Int64Index([1958, 1959, 1960, 1961, 1962, 1963, 1964, 1965, 1966, 1967, 1968,
            1969, 1970, 1971, 1972, 1973, 1974, 1975, 1976, 1977, 1978, 1979,
            1980, 1981, 1982, 1983, 1984, 1985, 1986, 1987, 1988, 1989, 1990,
            1991, 1992, 1993, 1994, 1995, 1996, 1997, 1998, 1999, 2000, 2001,
            2002, 2003, 2004, 2005, 2006, 2007, 2008, 2009, 2010, 2011, 2012,
            2013, 2014, 2015, 2016],
           dtype='int64', name='YEAR')

In [106]:
#Get the temperature of the 'ENE' month (January) in 1965
cr_temp.ENE[1965]

20.1

# Exercises

## Multi-Index guided exercise

1. Imagine the data for the states is from year 2010. Add a column to the `states` dataframe, 
   that specifies the year of the data.
2. Copy the dataframe and imagine that by the year 2020, the population increased by 10% in all states, except Florida, where it decreased 5%. Name the second dataframe `states2020`.
3. Don't forget to update the density.
3. Use the `df.reset_index()` function to get numeric indices for the df's.
4. Use the `append` function and the `ignore_index=True` option to append one data frame to the other.
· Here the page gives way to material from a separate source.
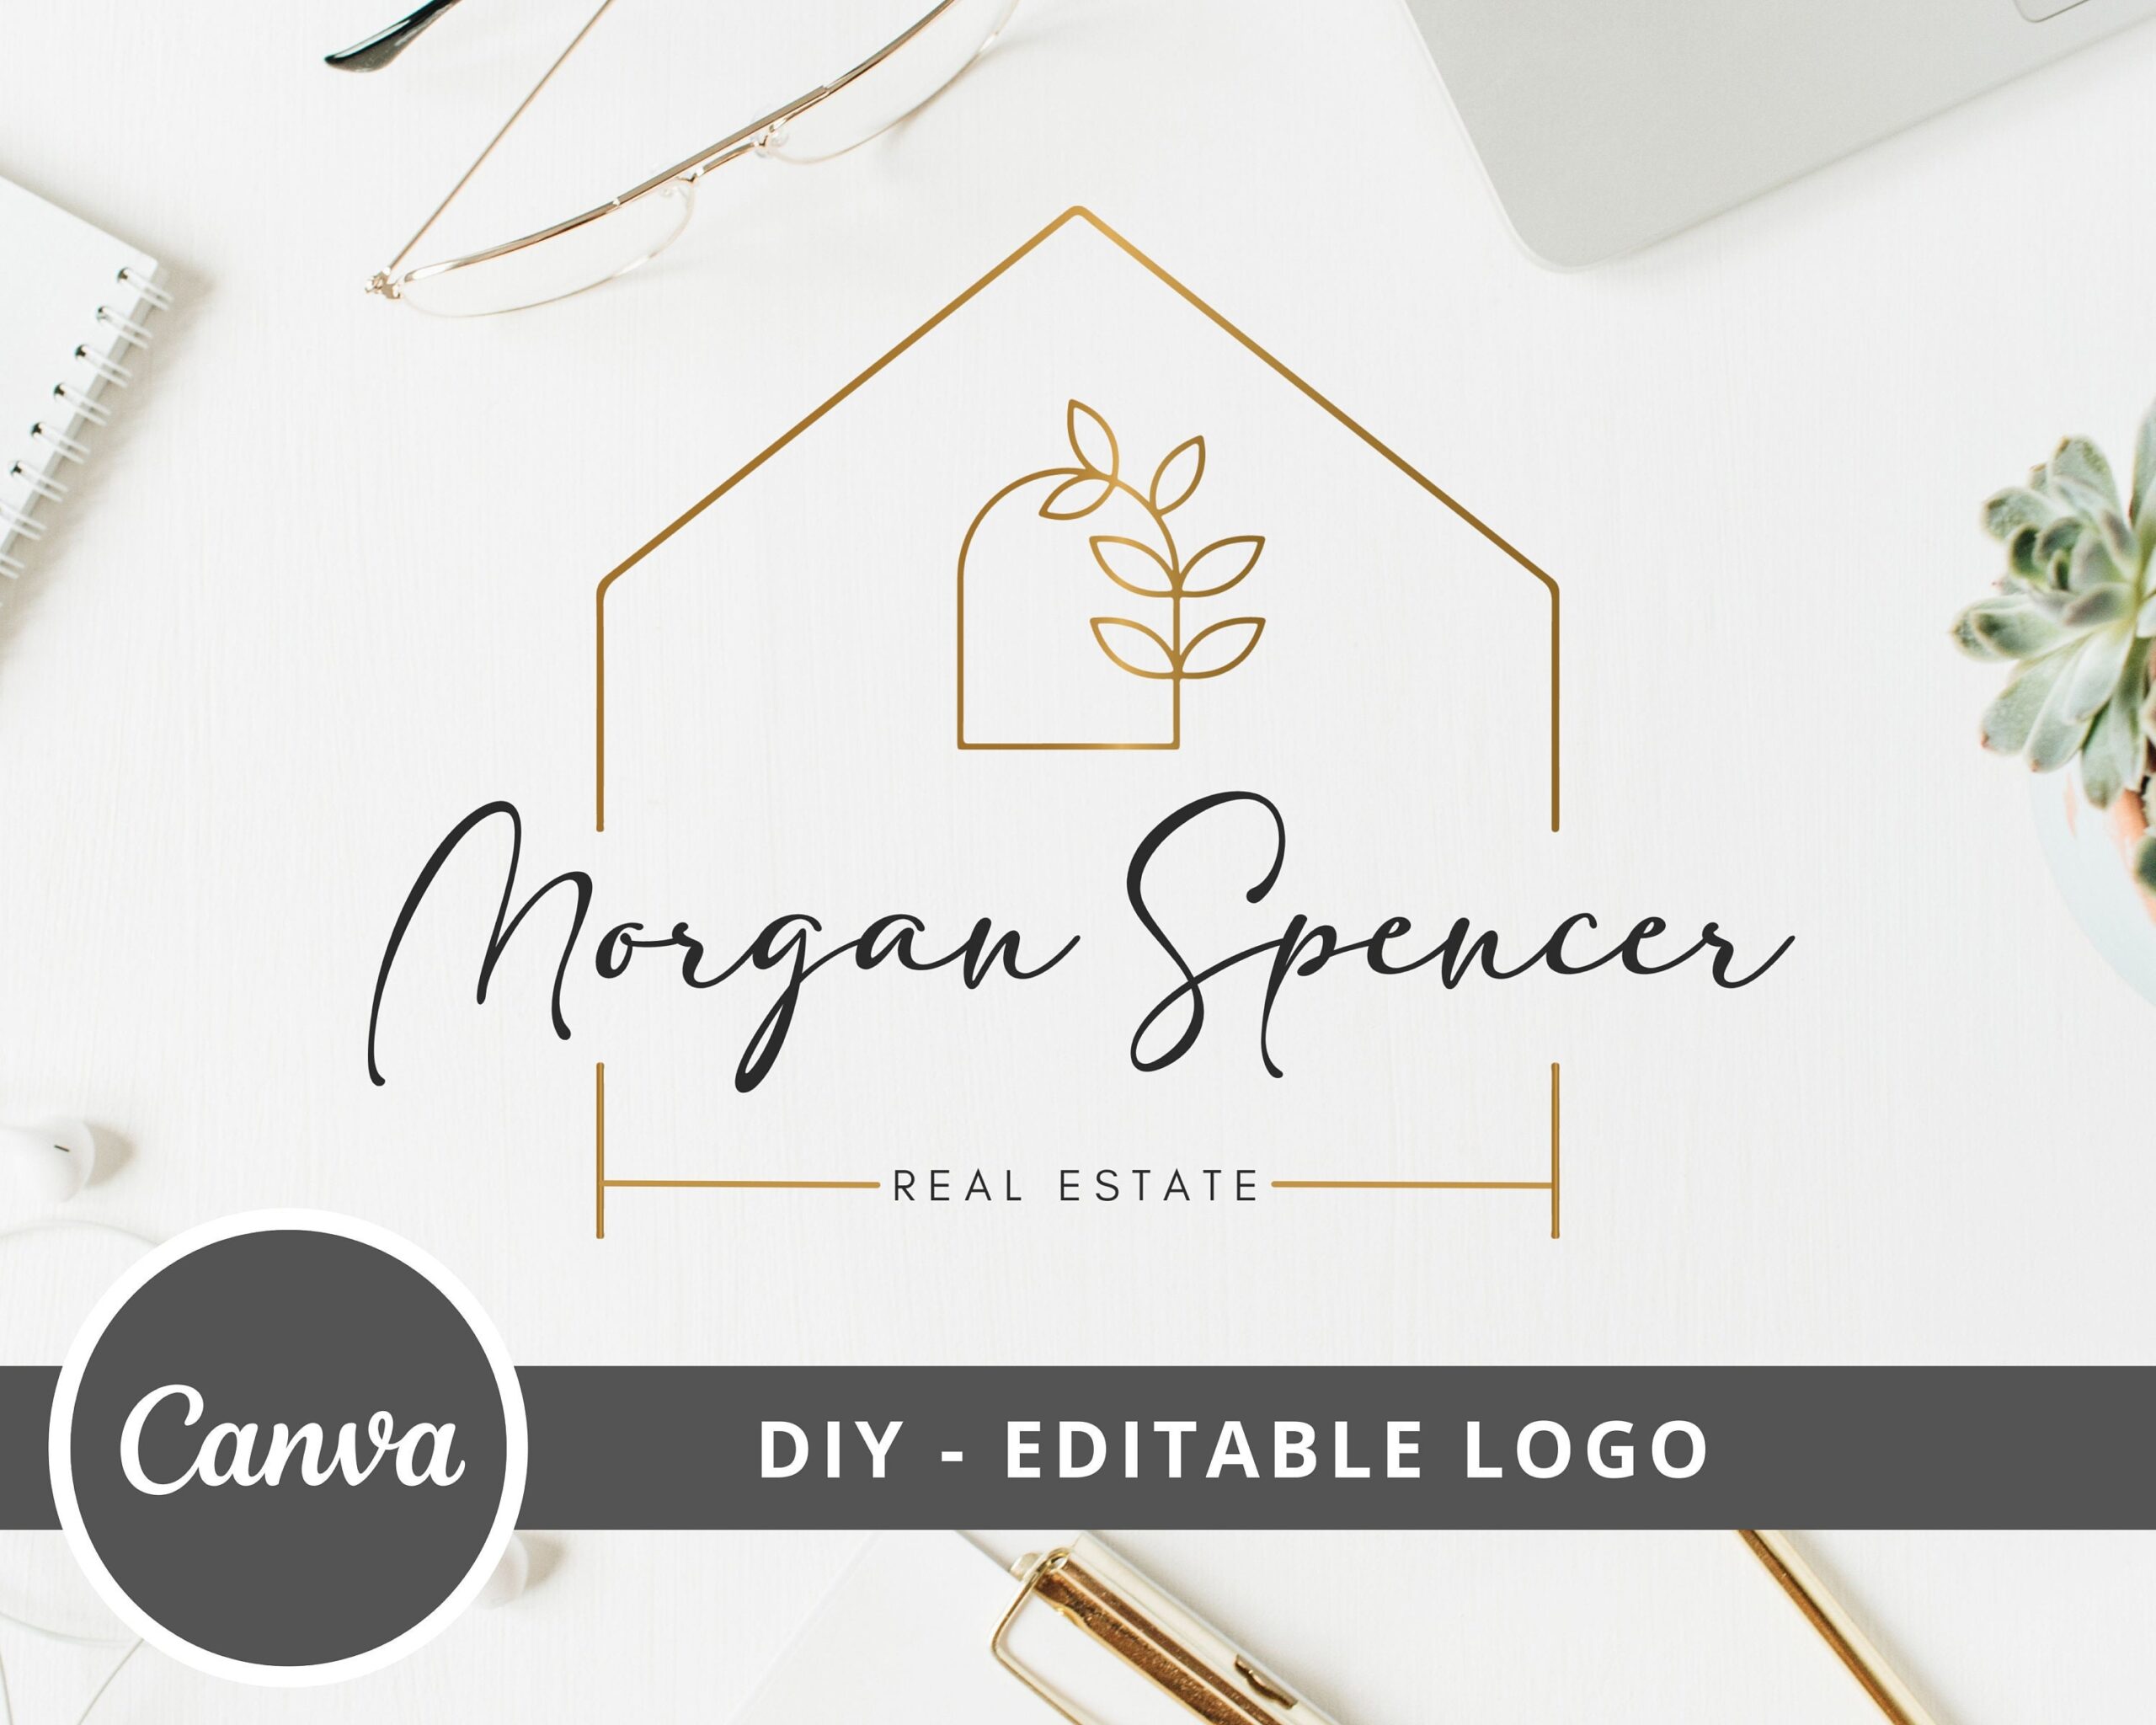 DIY Real Estate Logo Template, Logo Design Canva Template for Real Estate - Gold and Black, House Window Leaves, All Included Instant Access

Name the new dataframe: `yearly_states`.
5. Use `rename(columns={'index':'state'})` to rename a column of the index.
5. Use `set_index(['state', 'year'], inplace=True)` to obtain a df, with multiindex.
6. Use `sort_index(inplace=True)` to sort the multiindex.
6. Using `groupby('state').mean()` obtain the mean values for each state.
7. Do the same, to obtain the mean values for each year.
8. Finally, using `idx=pd.IndexSlice` and `loc[idx[start:end:step],idx[start:end:step]]` obtain the initial `states` dataframe, from the `yearly_states` dataframe and compare.


## Exercise 2:
Compute the yearly average and check if it matches what is given in the last column of the csv file. You can drop the `N` column with pd.drop(columns=...)

## Exercise 3: 
Averaging over all the years, which is the hottest month in Turrialba, CR? *Hints:* np.mean, np.max, `loc` and slicing.

## Exercise 4:
Using the built-in plotting routine of Pandas, can you notice any effect of climate change over the years? *Hint:* plot is a built-in method of a Pandas `DataFrame`. You can plot any column or any row using the masking and slicing seen above.